* Aim of the exercise:
Restate the listing below word for word, omitting any images.

* Supplied material:
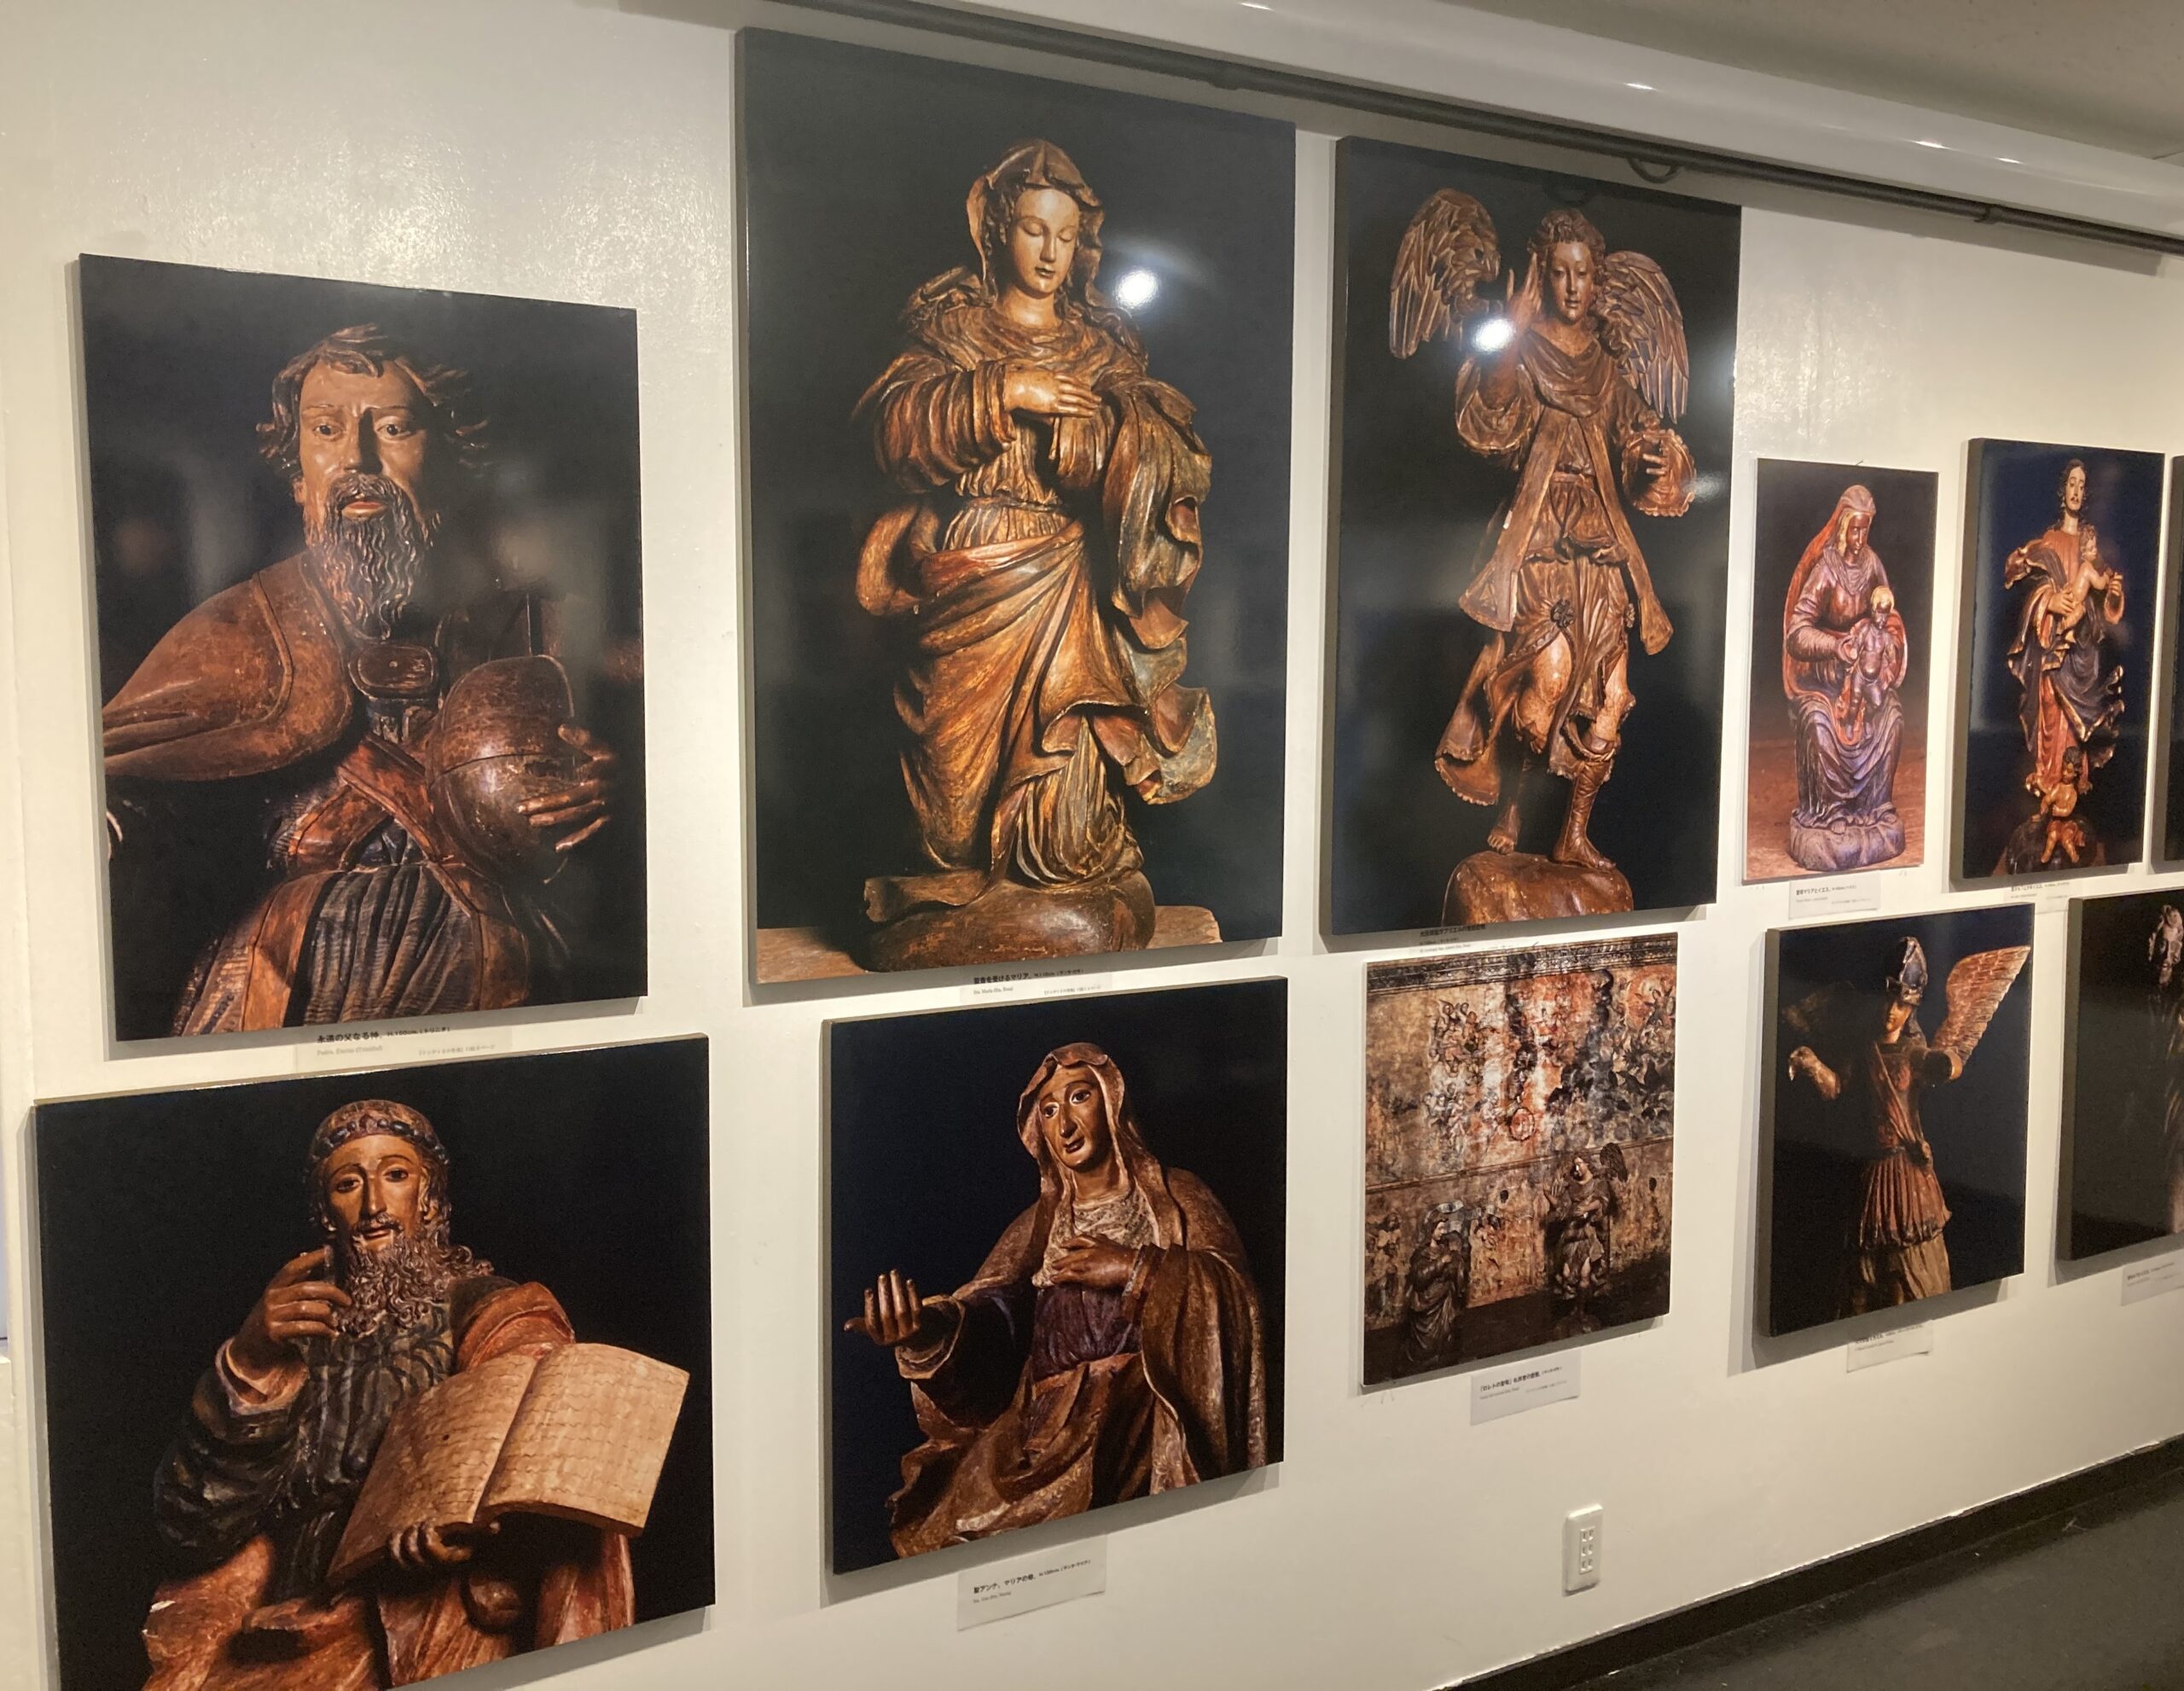 写真展の展示室に飾られたインディオの聖像のパネル写真の数々②
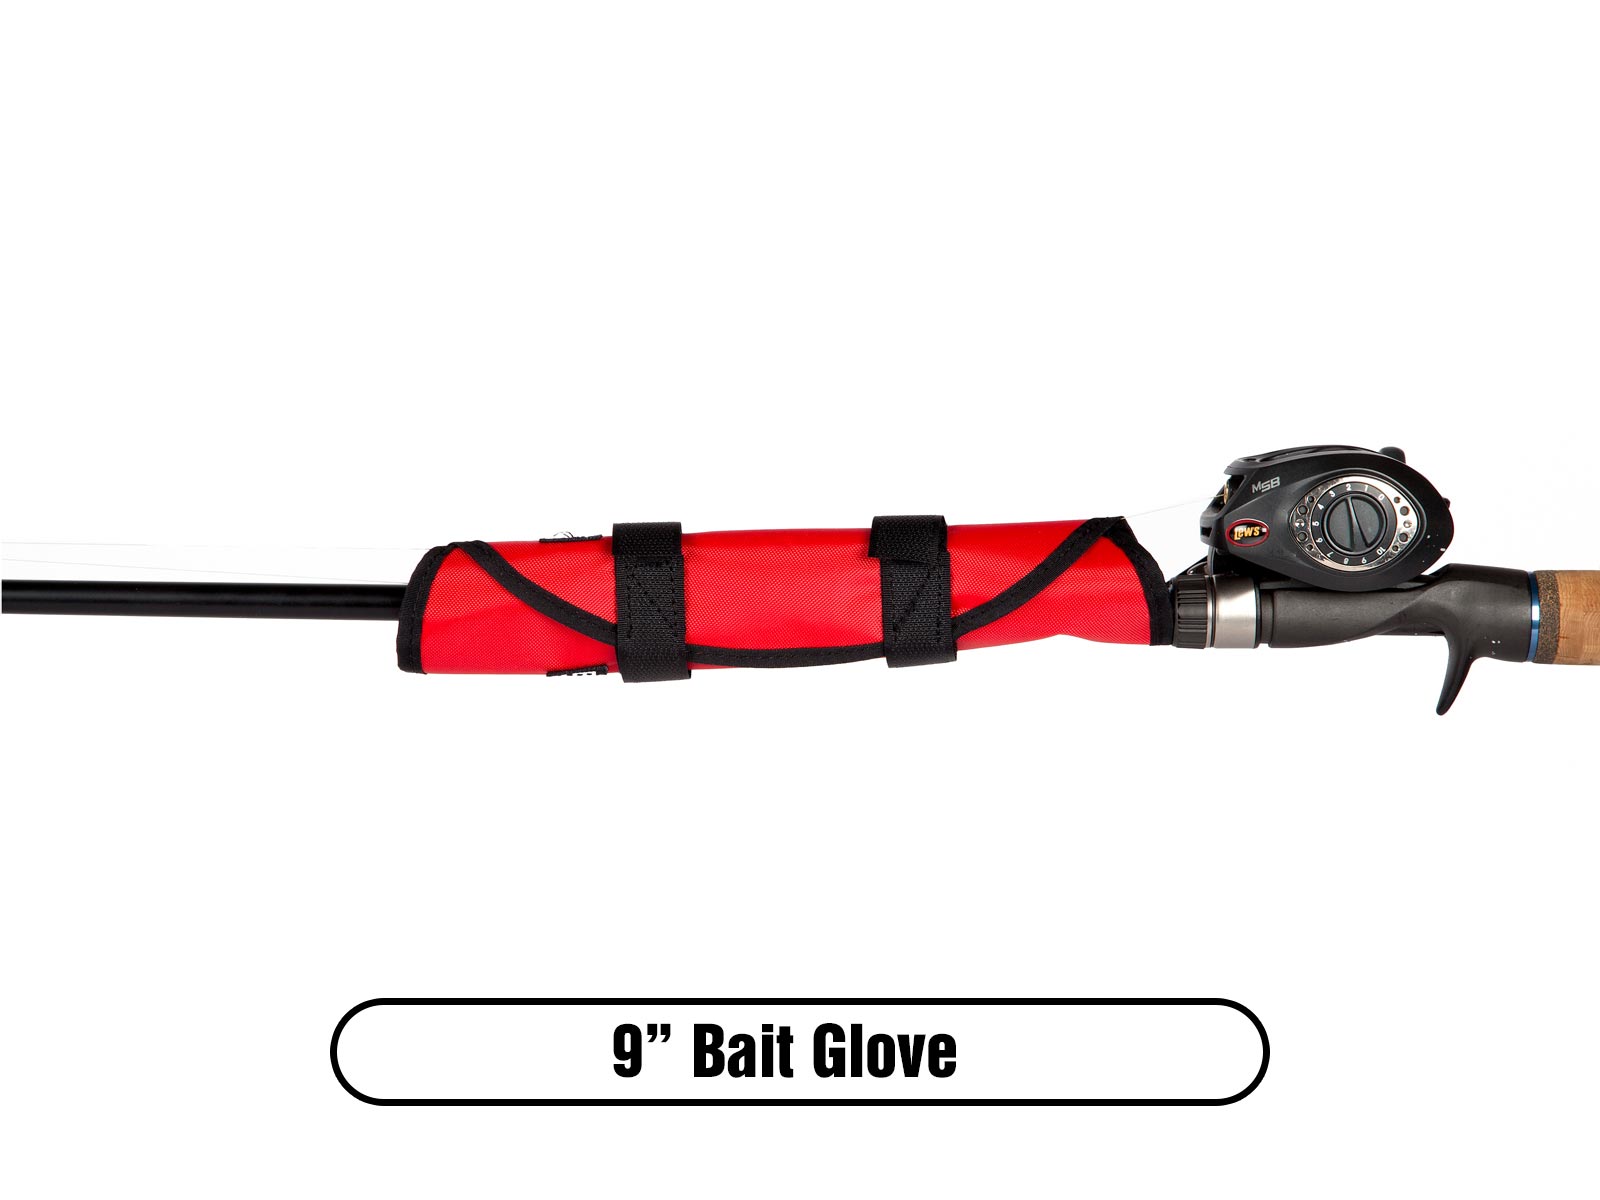 The Bait Glove – The Rod Glove
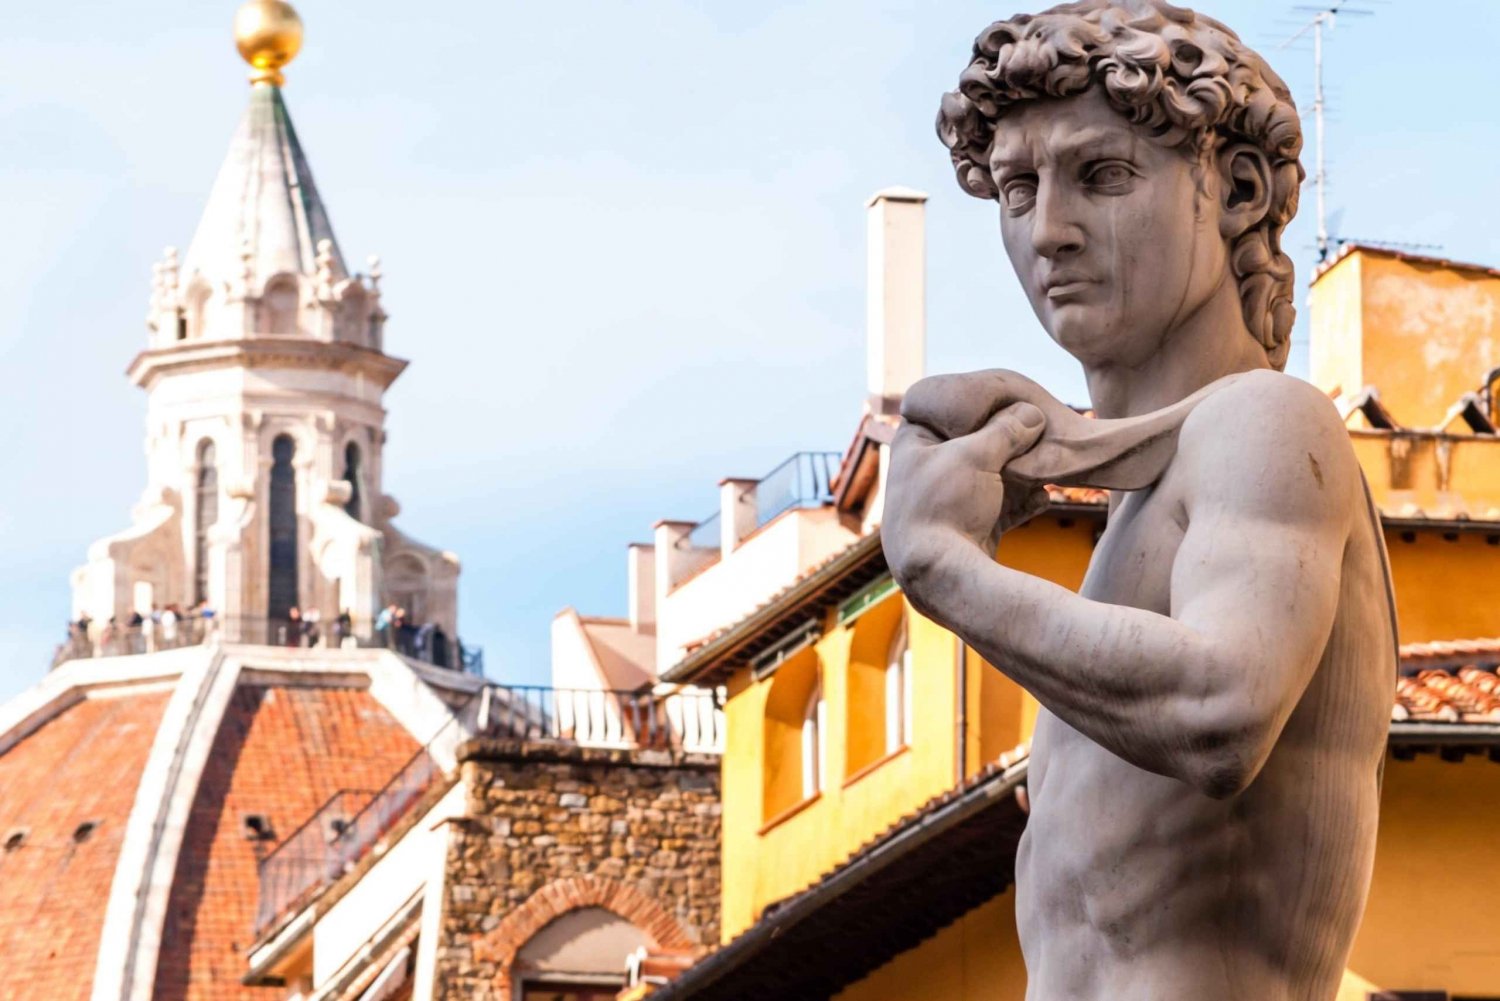 Florença: Ingresso para a Accademia e David com um anfitrião

* Your response:
 写真展の展示室に飾られたインディオの聖像のパネル写真の数々②
 The Bait Glove – The Rod Glove
 Florença: Ingresso para a Accademia e David com um anfitrião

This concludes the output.